I could feel Karasov's fear beside me. He was going to be like this all the way to the railway station, all the way to the coast.

"I'm almost out myself,' I told the man. 'That's why I've switched off the engine.'

He threw up his arms and trudged forward through the snow to talk to the driver in the truck. I wound the window up and asked Karasov, 'Why did you take a duplicate?'

It was a long time before he answered. 'For the others.'

The man's voice came back to us as he shouted to the driver in front. Somewhere on the road ahead I could see the shape of another mechanical scoop clearing the snow. I gave Karasov time, but he wanted me to drag it out of him like a priest in the confession box. Guilt never comes out in a hurry.

'What others?'

'The Chinese.'

It was like a bullet coming through the windscreen. I hadn't been ready for it.

'Go on,' I told him. He wanted goading.

'I-' and that was all for another minute. I didn't prompt him again, because he'd hear fury in my voice and that would frighten him off altogether. He wouldn't know that the fury wasn't against him but against myself, against Fane, against Croder. None of us had known and, we should have known. We should have known that an international incident big enough to threaten the summit conference would inevitably involve triangle diplomacy and the China card.

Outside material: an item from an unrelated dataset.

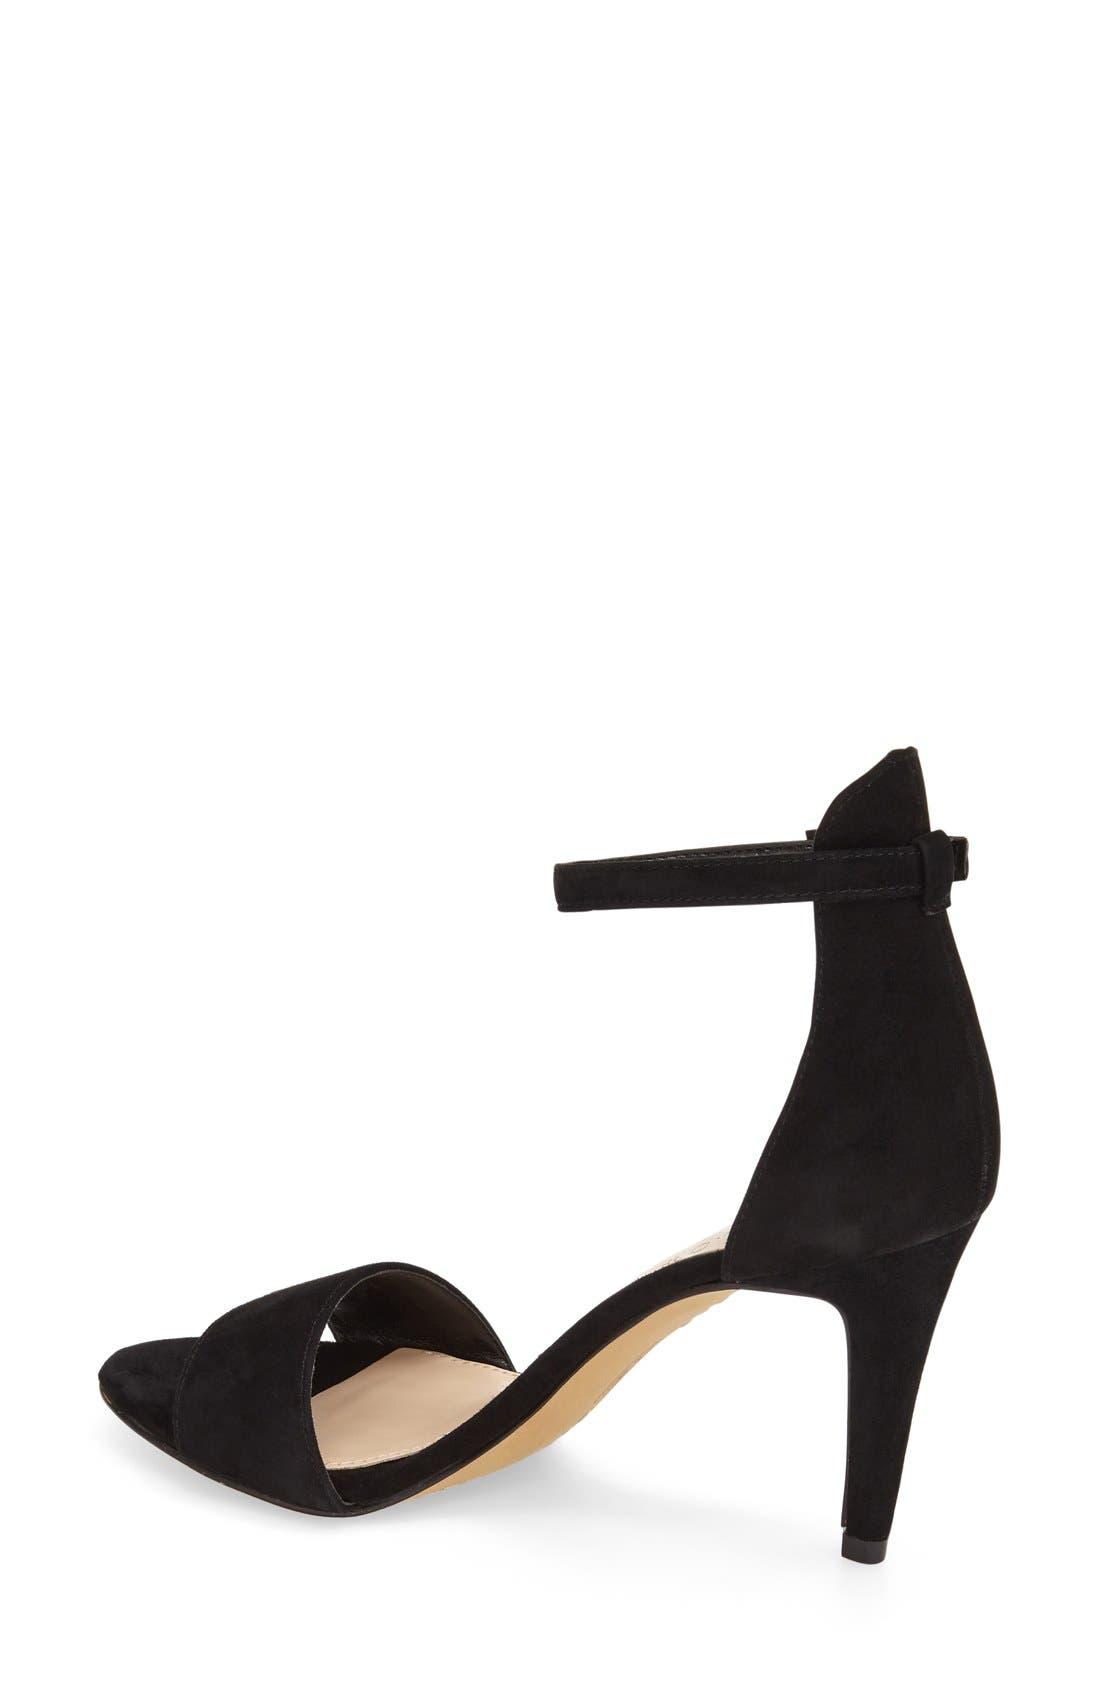 ,                             'Court' Ankle Strap Sandal,                             Alternate thumbnail 17, color,                             004
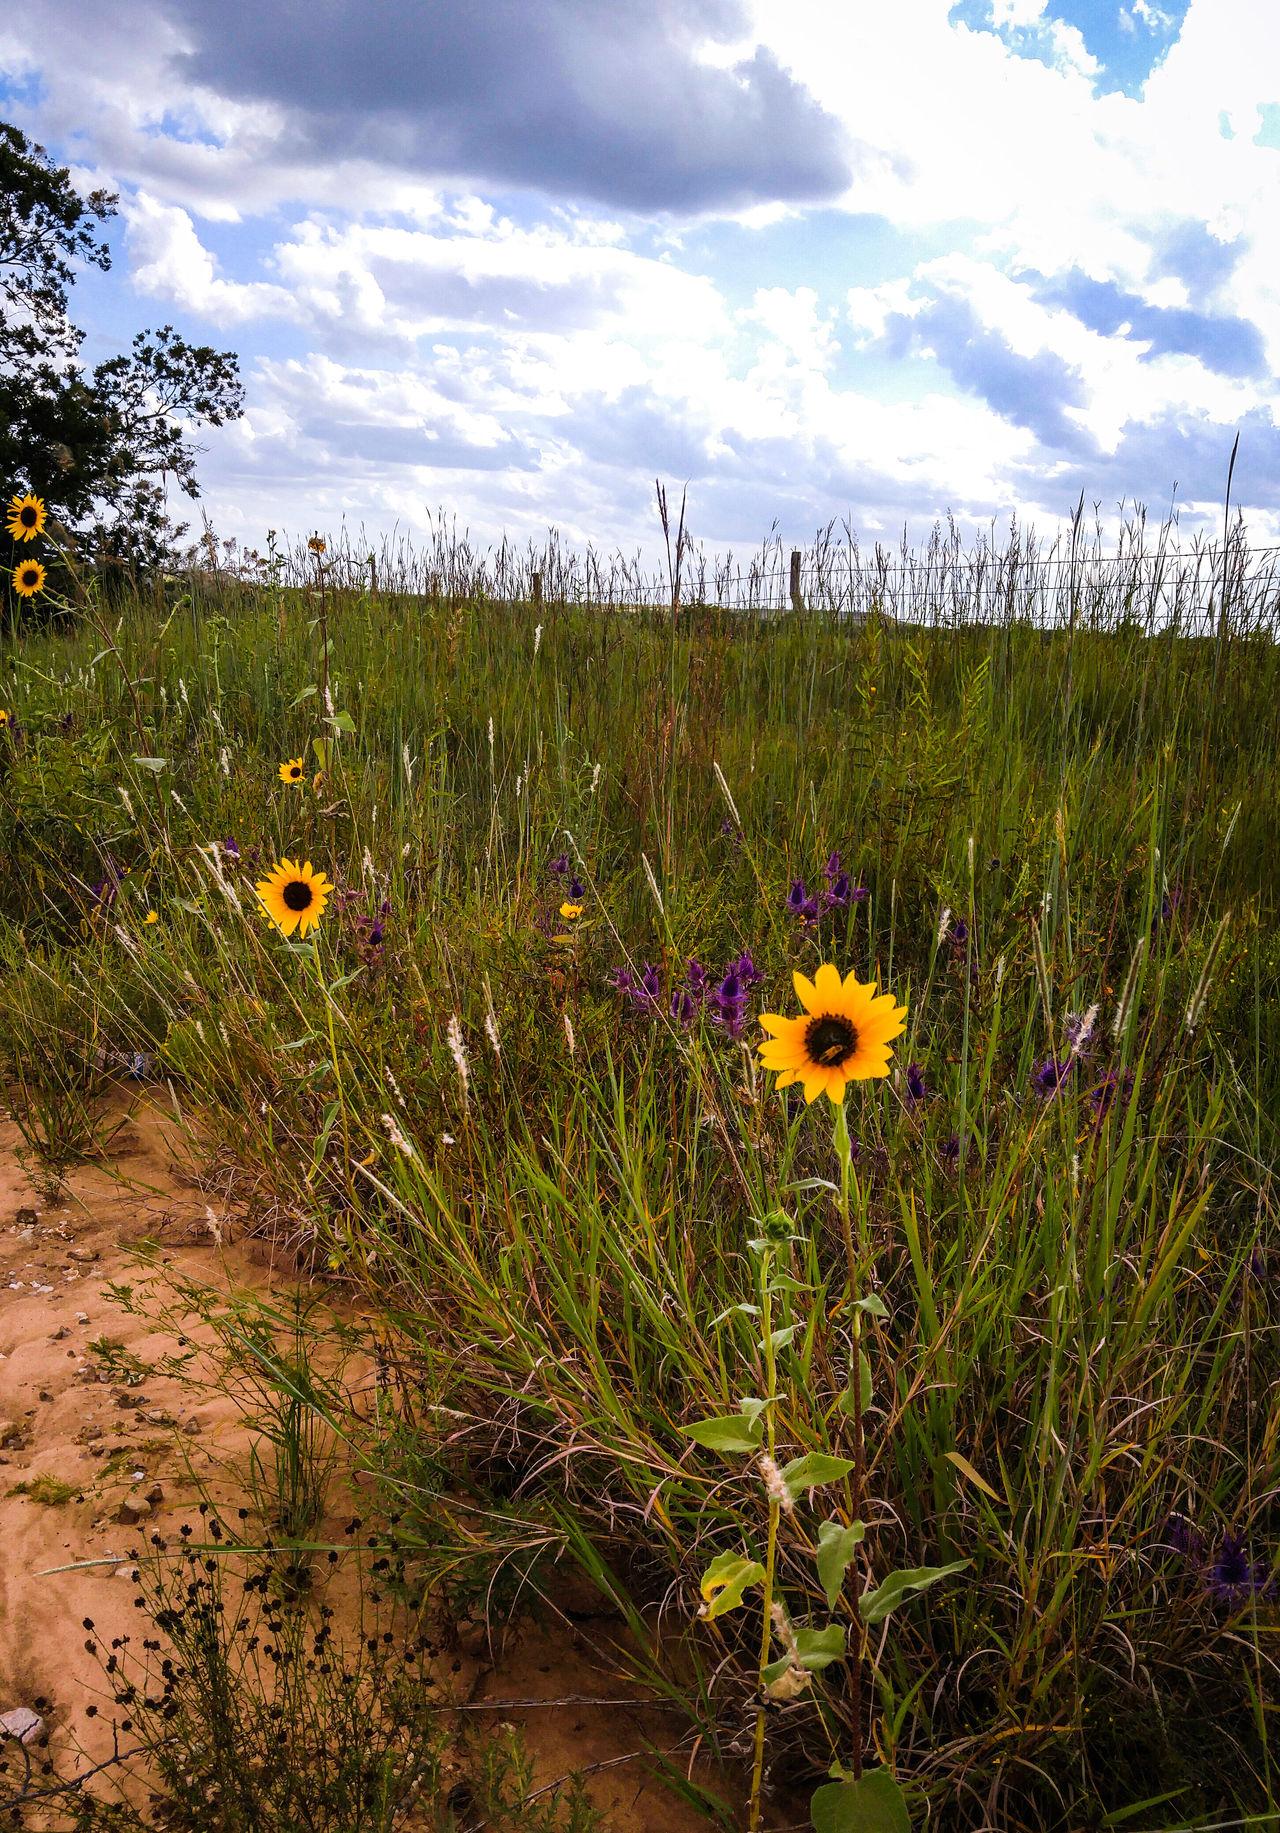 Roadside Wildflowers Nature Flower Scenics No People Landscape Rural Scene Gravel Roads Beauty In Nature Tranquil Scene Kansas

'I–I've been giving product to them for a long time now,' Karasov said.

Mother of God.

''How long?

I felt him jerk in fear as his head swung to look at me. He'd heard it: the fury. I would have to do better than this but by Jesus Christ I was sitting here in a stinking farm truck with our run to the coast blocked off by snow and the objective for the mission sitting beside me and telling me he'd been working for both major intelligence networks, East and West, for a long time, eight days into Northlight and already five on the deathroll and a live bomb under my legs and someone out there putting the windscreen into the crosshairs or signalling ahead of us to get a trap set or coming up from behind us like the man who was out of petrol and there was nothing I could do about it until I could get this bastard to the frontier and take him to London and leave him there to spill his guts all over Croder's debriefing desk and then I was going to ask questions, an awful lot of questions about the man running our Murmansk cell and why the hell he'd let his sleeper go on working for London and Peking without checking on his product and his couriers and his contacts and his communications because somewhere he could have been caught, could have been seen slipping a package into a furtive hand in the shadows of a crowded bar or on a bus or in a brothel or wherever they'd set up their drop, somewhere they could have tapped a line or checked a crossed signal or questioned the travel patterns or stood close to a talker, catching a hint of smoke on the air, a whiff of something burning.

'What?'

'Years,' he was saying. 'Years.'

I didn't answer him until I'd got control again. Keep cool, yes, absolutely, nothing to get into a tis-was over, just sitting here thinking I'm working exclusively in the Soviet zone and all the time there's a Chinese cracker rigged to go off, love from Peking, bit of a joke really, something funny happened to me on my way to Murmansk, this one's going to kill you.

That, too, yes.

'Have you been giving them everything?'

He waited until I'd dragged the gears in: we'd started moving again. 'Not everything. Only the stuff they'd be interested in.'

'Only the stuff they'd buy?' Rather rude, that, yes, but I wasn't really in the mood for good manners.